First test output: "Hey James, your voice pipeline is running on the Spark."

Generation time: 1.4 seconds. Real-time factor: 0.46 — meaning the model generates speech roughly twice as fast as you'd speak it. Running on DGX Spark 2's GPU at port 8767.

Zero-shot cloning from under five seconds of audio is surprisingly good. Not perfect — there's a slight flatness in prosody on longer sentences, and it occasionally picks up background texture from the reference clip. But for a voice assistant in your ear, it's well past the threshold of usable.

A LoRA fine-tune is running overnight on Spark 2 for better quality. That's Phase 3.5 — not done yet, just cooking.

Caption-First

The Even G2 glasses aren't just an output device. They're the trust layer.

When you speak, the G2 lens shows your transcript immediately — frame type 0x02 fires as soon as STT finishes, before the LLM even starts processing. You see what Milo heard. If the transcript is wrong, you know before it acts on bad input.

After the LLM responds, the response text appears on the lens simultaneously with audio playback through AirPods. Read or listen. Both work.

There's also confidence-aware routing: if STT confidence is low, the system responds with "🔄 Say again?" instead of firing the LLM call. Cheap early exit that avoids wasting inference on garbage input.

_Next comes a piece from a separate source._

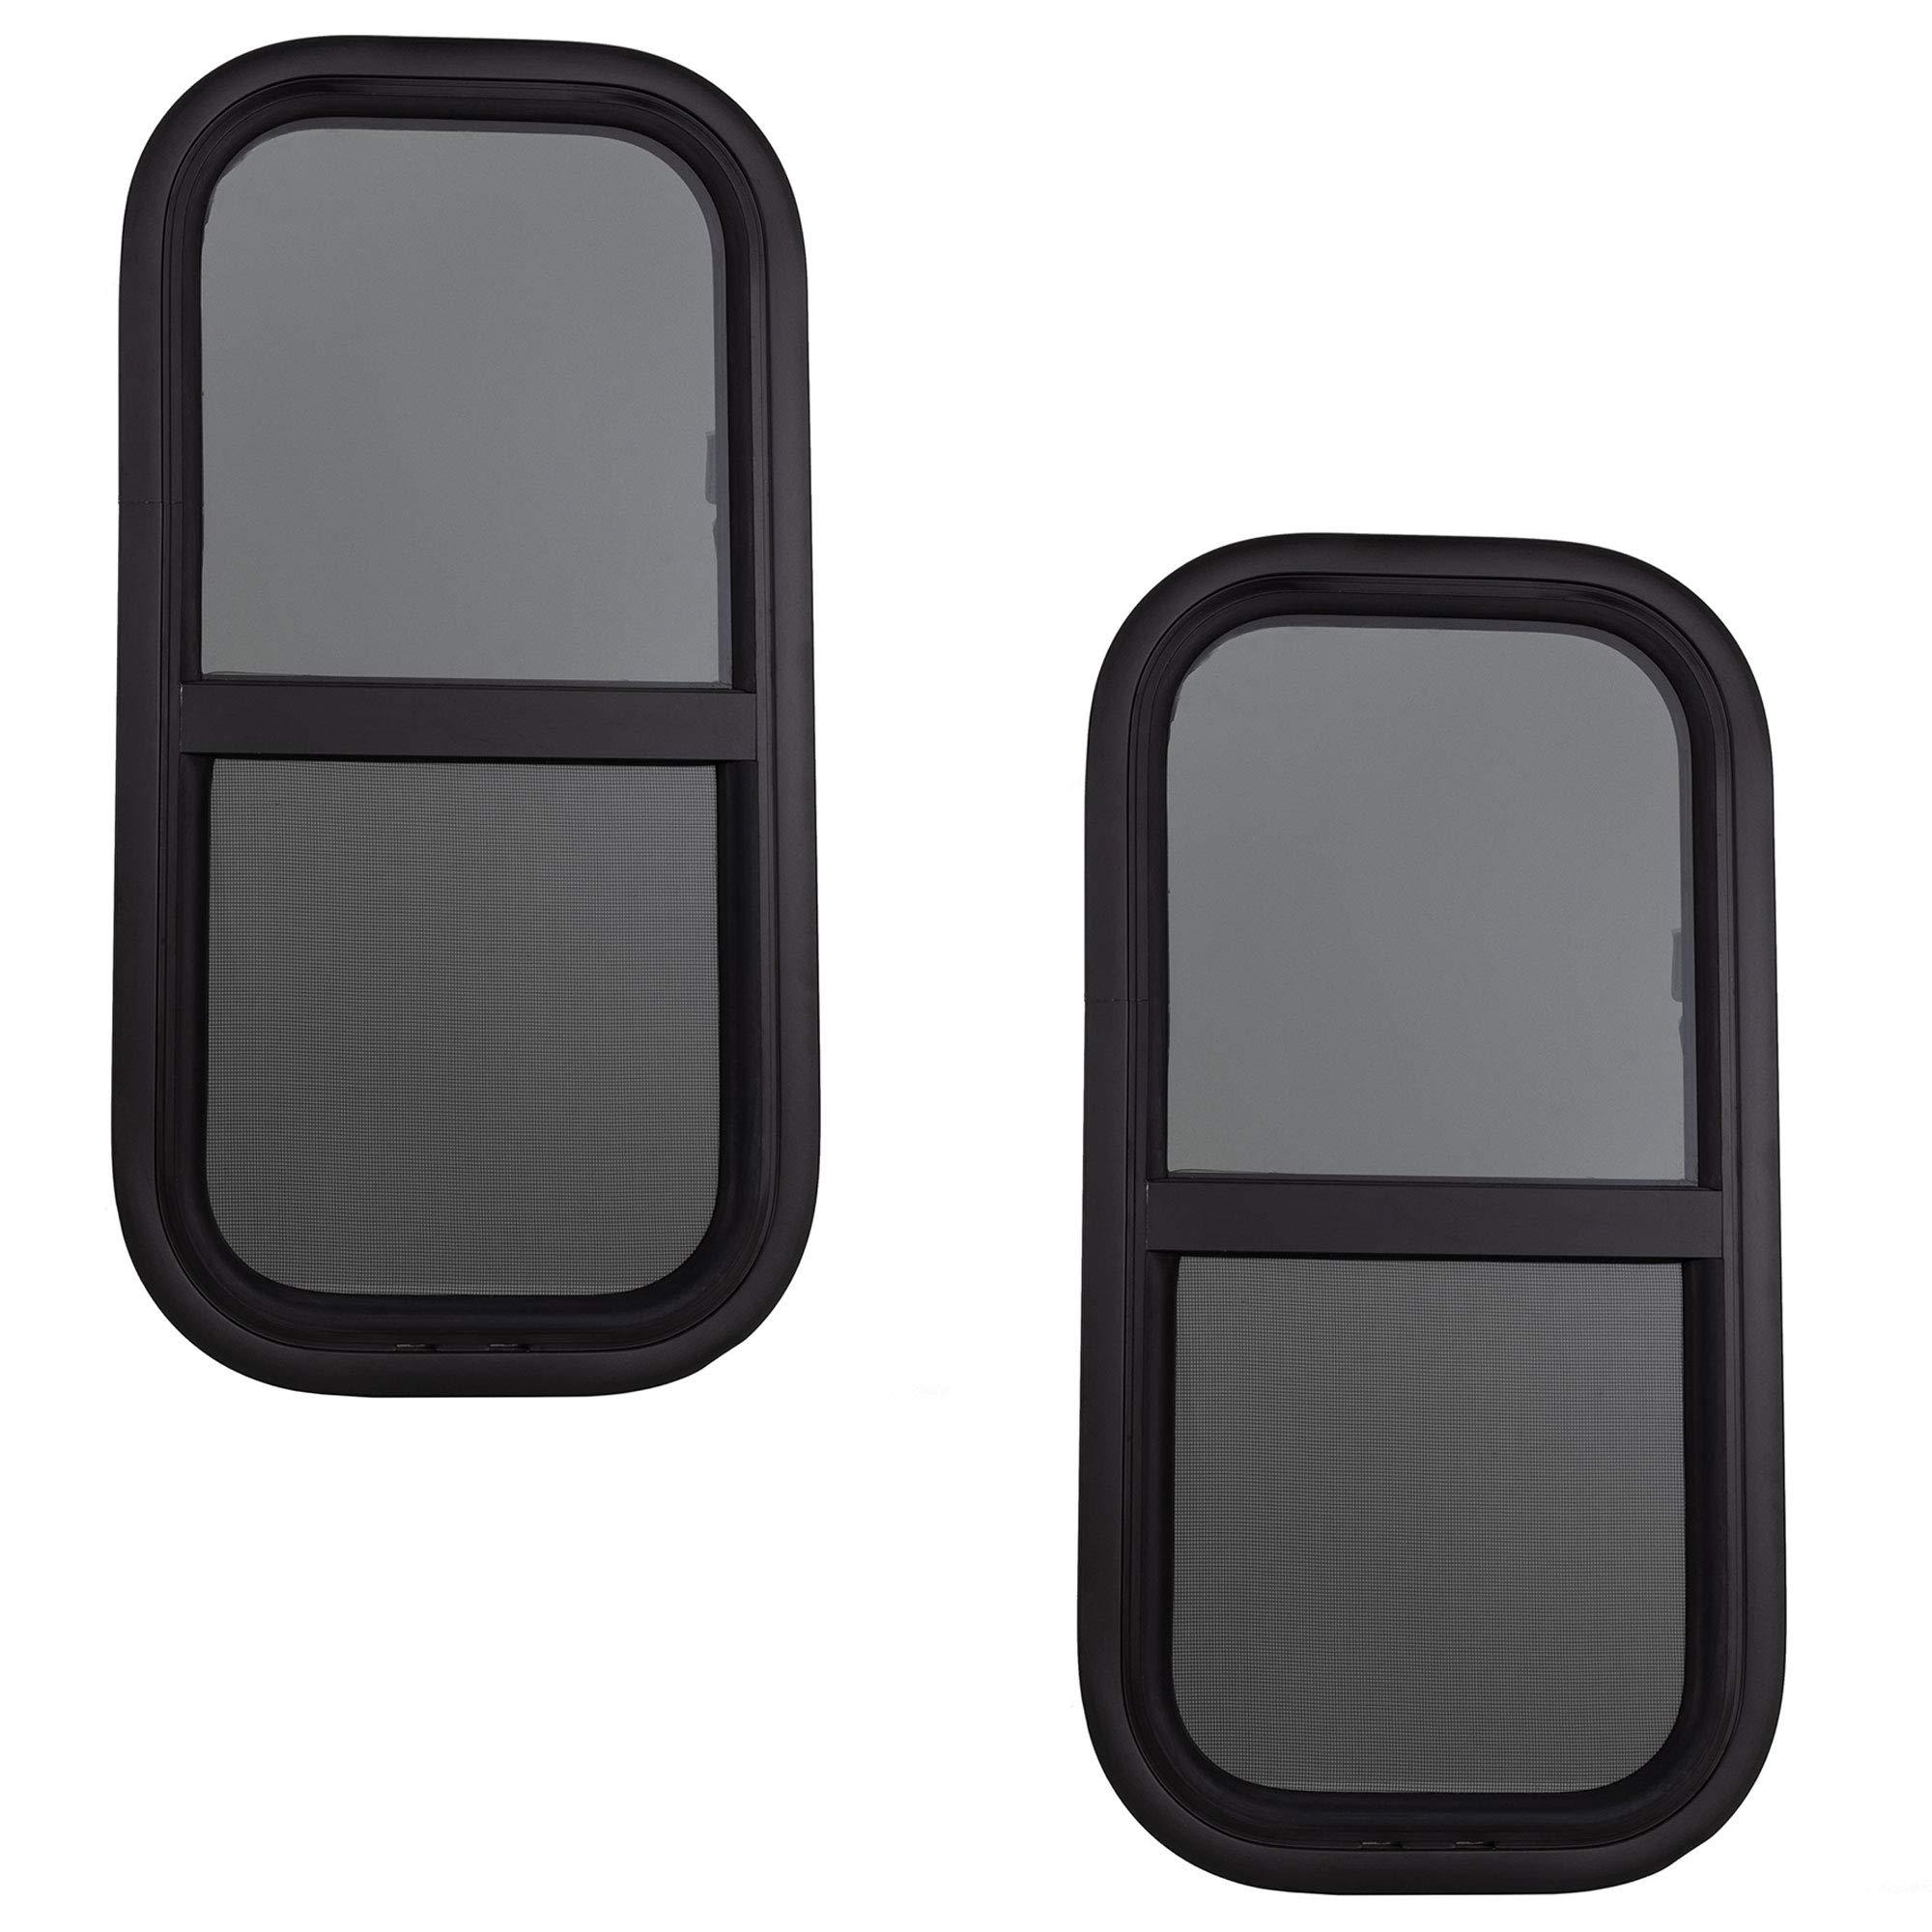 "RV Window | Teardrop 12"" W x 24"" H Vertical Slide | 1 1/2"" Wall Thickness | RV Window Replacement (2 Windows, with Trim Kit)"

Design principle: Any real-time agentic audio interface must include a caption option. Human speaking → show partial transcripts in real time. Agent speaking → display response text simultaneously with audio. This is a baseline requirement, not a feature. Captions enable error correction, mute-and-read as a valid use mode, and transparency about what the agent understood.

Infrastructure

Mac Studio M3 Ultra (192.168.1.10) — runs the WebSocket proxy, Orpheus TTS fallback, and Milo itself
DGX Spark 2 (192.168.1.12) — Will Prowse voice clone on port 8767, LoRA training overnight
Even G2 Smart Glasses — BLE auth via 7-packet handshake on service UUID ...5450, CRC-16/CCITT packet framing
LaunchAgent — keeps the proxy alive across reboots; no PM2, no Docker, just launchd

Everything on the LAN. The only external call is Claude Haiku for inference. STT is on-device. TTS is on the Spark. The proxy is on the Mac Studio. If the internet goes down, you lose the LLM — but transcription and display still work.

What's Next

LoRA fine-tune — running overnight on Spark 2; should improve prosody and reduce reference-clip artifacts
VAD (Voice Activity Detection) — call mode without push-to-talk; the VADEngine exists but needs tuning for the AirPods mic profile
Latency optimization — the LLM TTFT (1.2-1.8s) is the bottleneck now; exploring streaming first-token to TTS before full response completes
G2 BLE auth hardening — the 7-packet handshake currently works but lacks response-based verification; needs to port the full protocol from the reverse-engineered spec

MiloBridge is open source. The pipeline runs on hardware you can buy — a Mac Studio and a DGX Spark — with no cloud dependencies except the LLM call. If you're building something similar with local voice and wearables, we'd like to hear about it.